__PROBLEM DETAILS__.
Please output every line of the material as it stands, without the pictures.

__COLLECTED MATERIAL__.
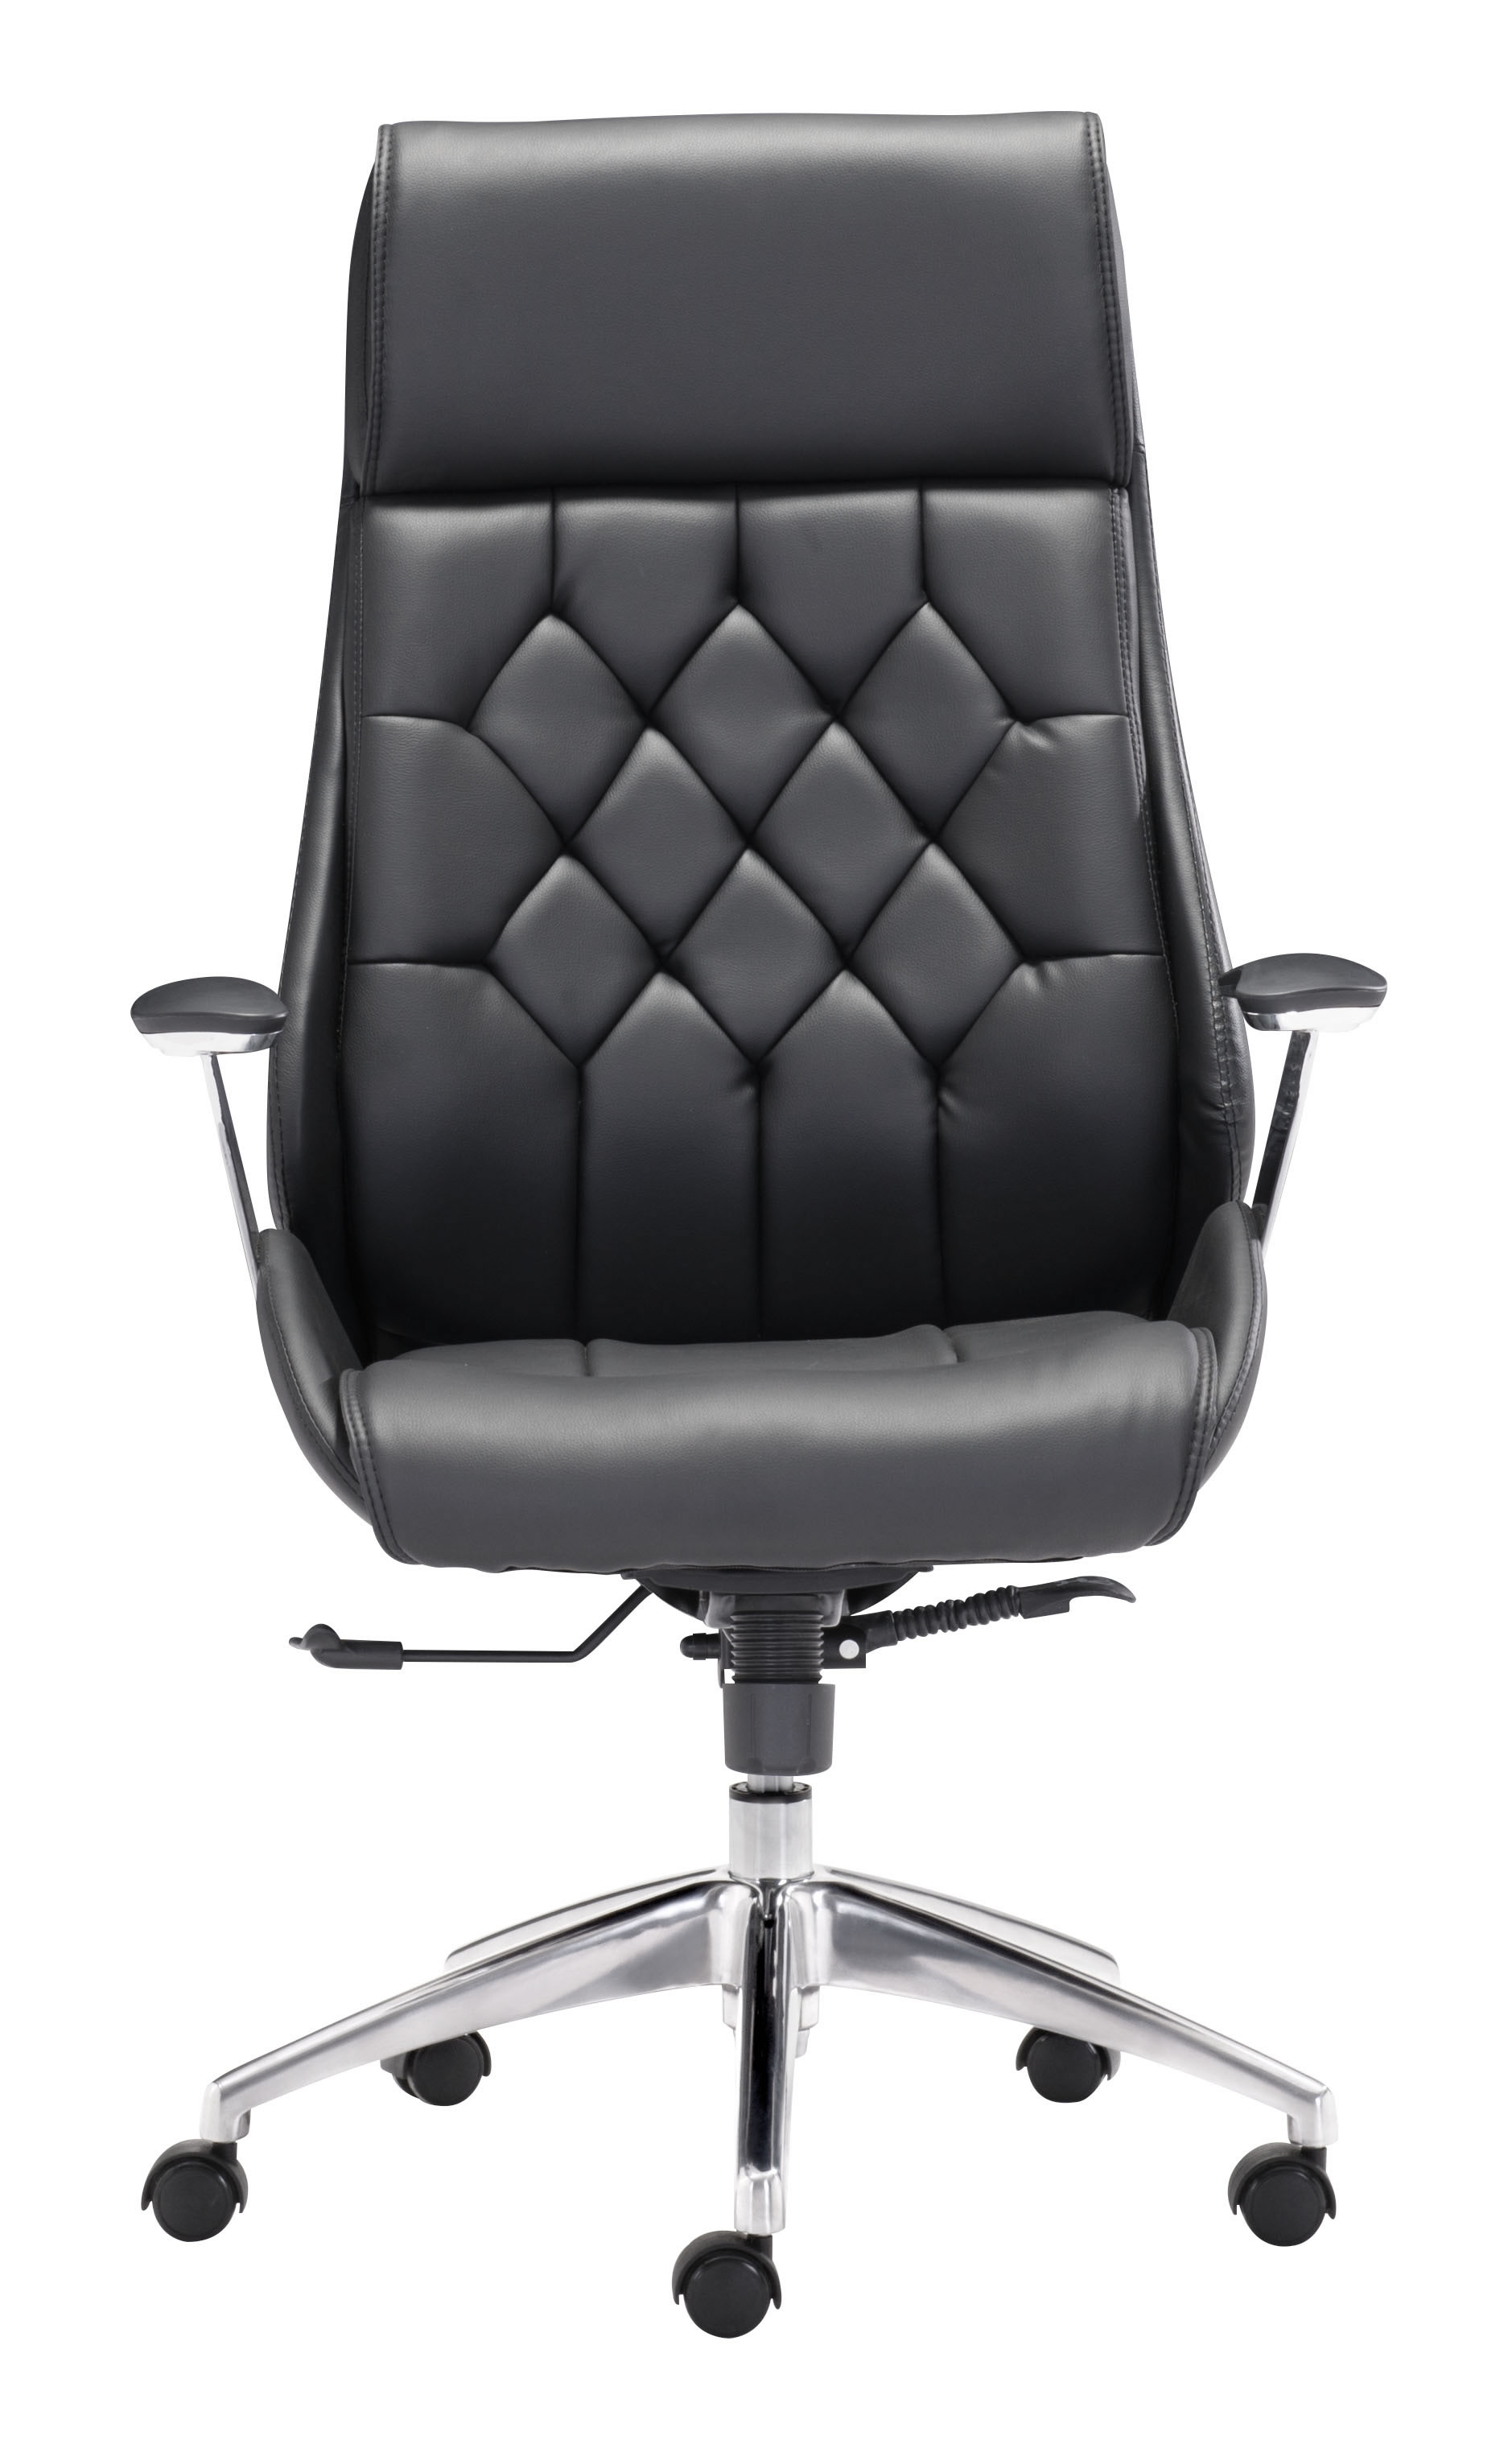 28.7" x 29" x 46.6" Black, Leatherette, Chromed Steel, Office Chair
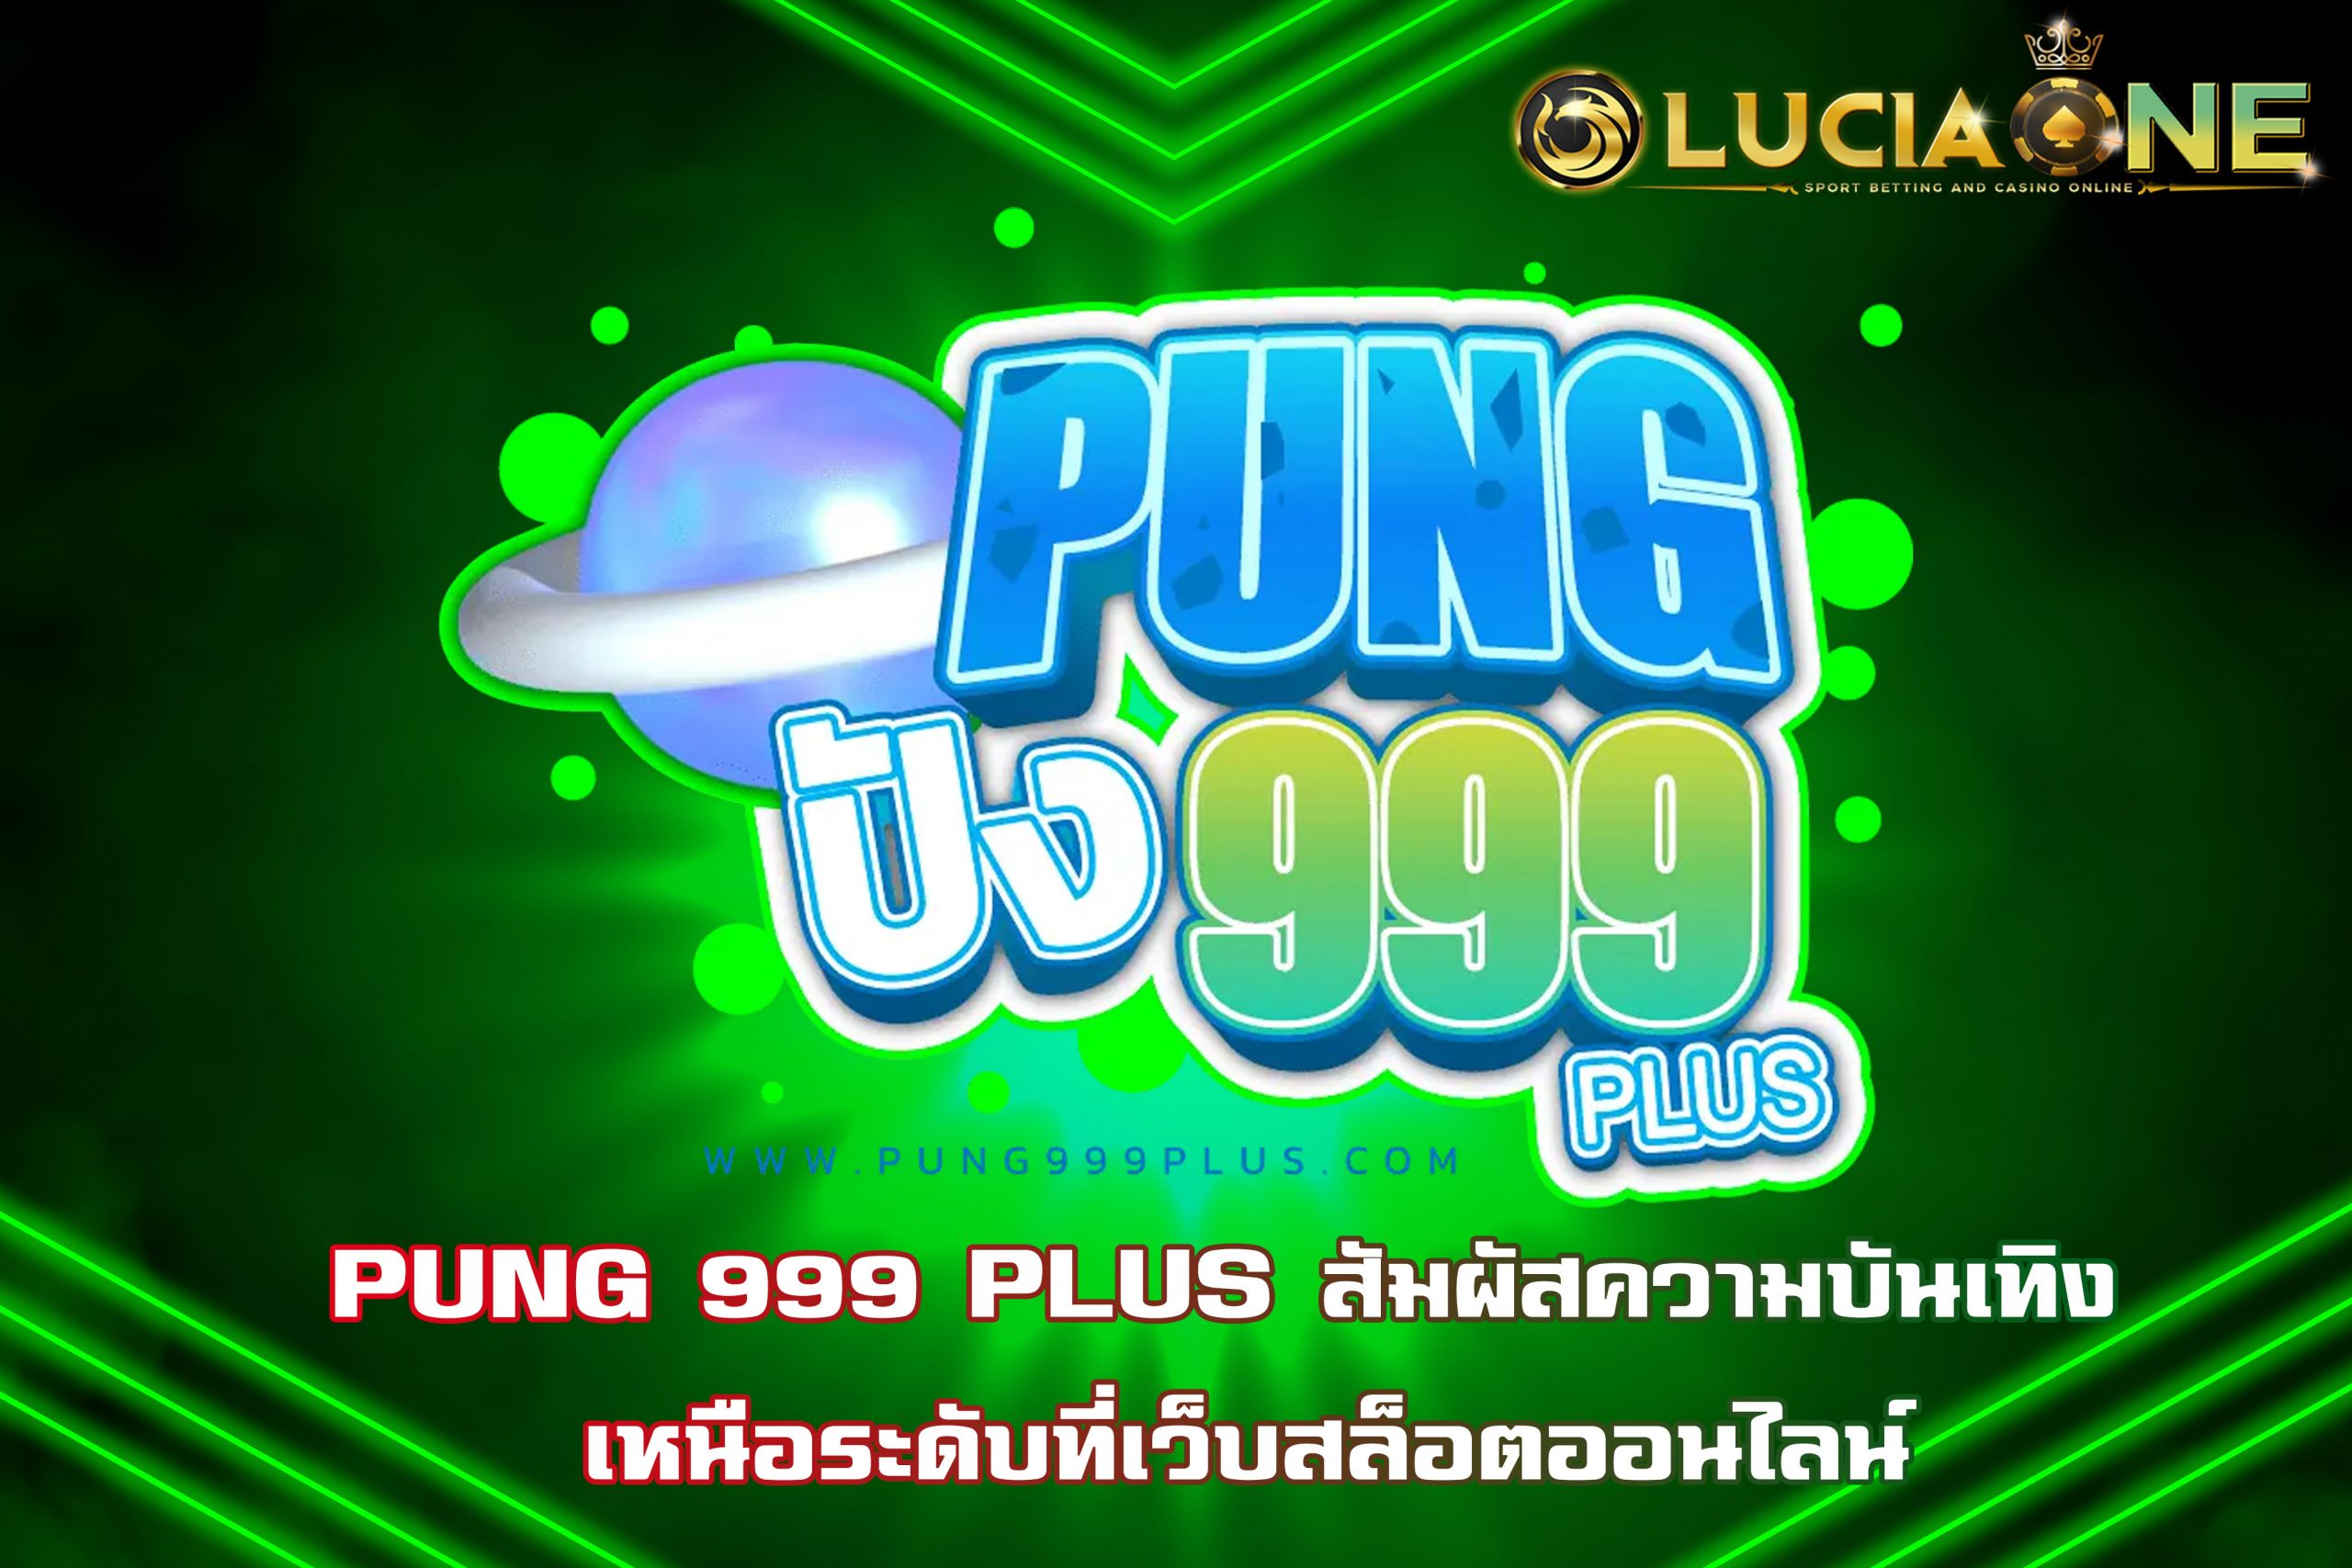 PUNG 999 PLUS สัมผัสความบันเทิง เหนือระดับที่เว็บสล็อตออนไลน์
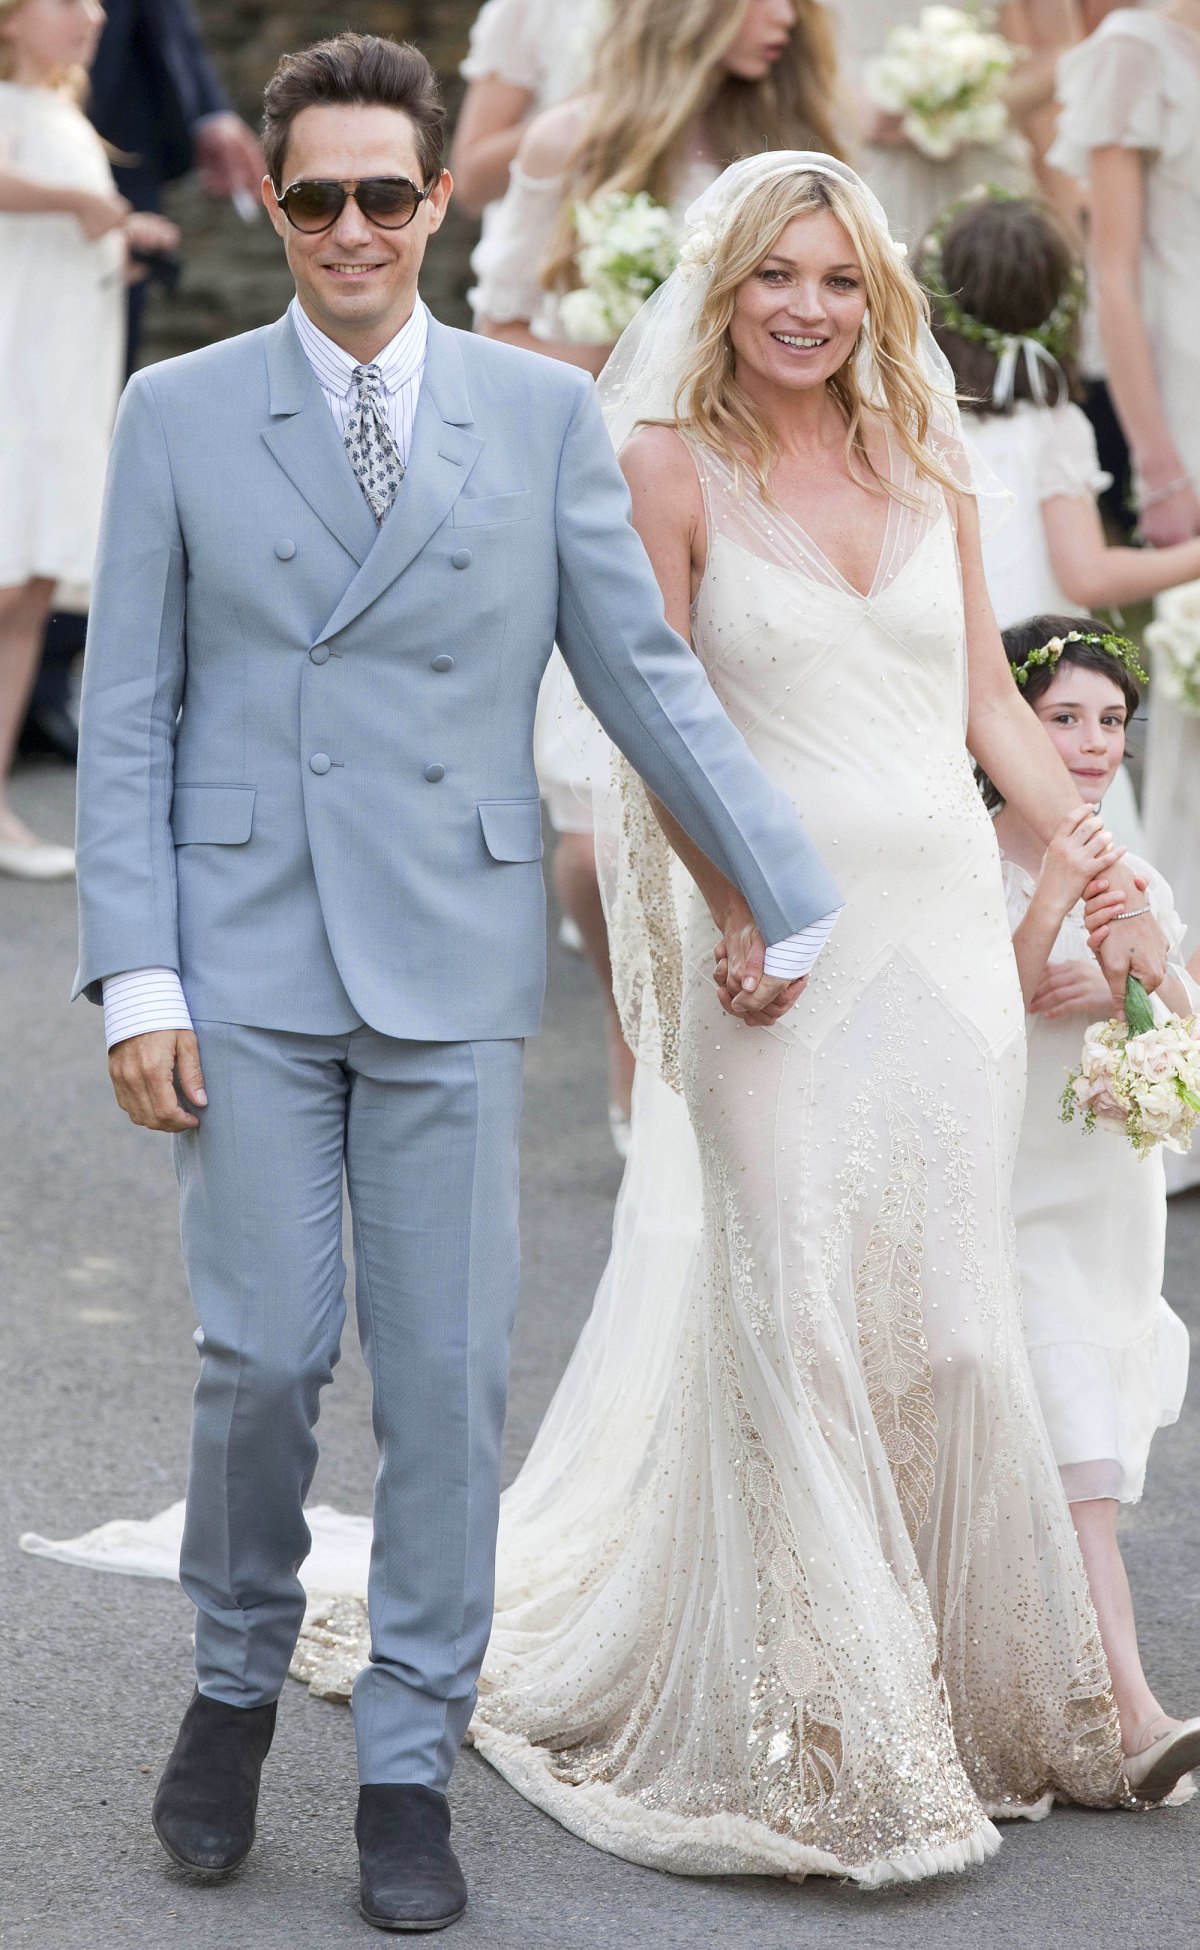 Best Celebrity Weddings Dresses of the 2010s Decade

__EXERCISE SOLUTION__.
 28.7" x 29" x 46.6" Black, Leatherette, Chromed Steel, Office Chair
 PUNG 999 PLUS สัมผัสความบันเทิง เหนือระดับที่เว็บสล็อตออนไลน์
 Best Celebrity Weddings Dresses of the 2010s Decade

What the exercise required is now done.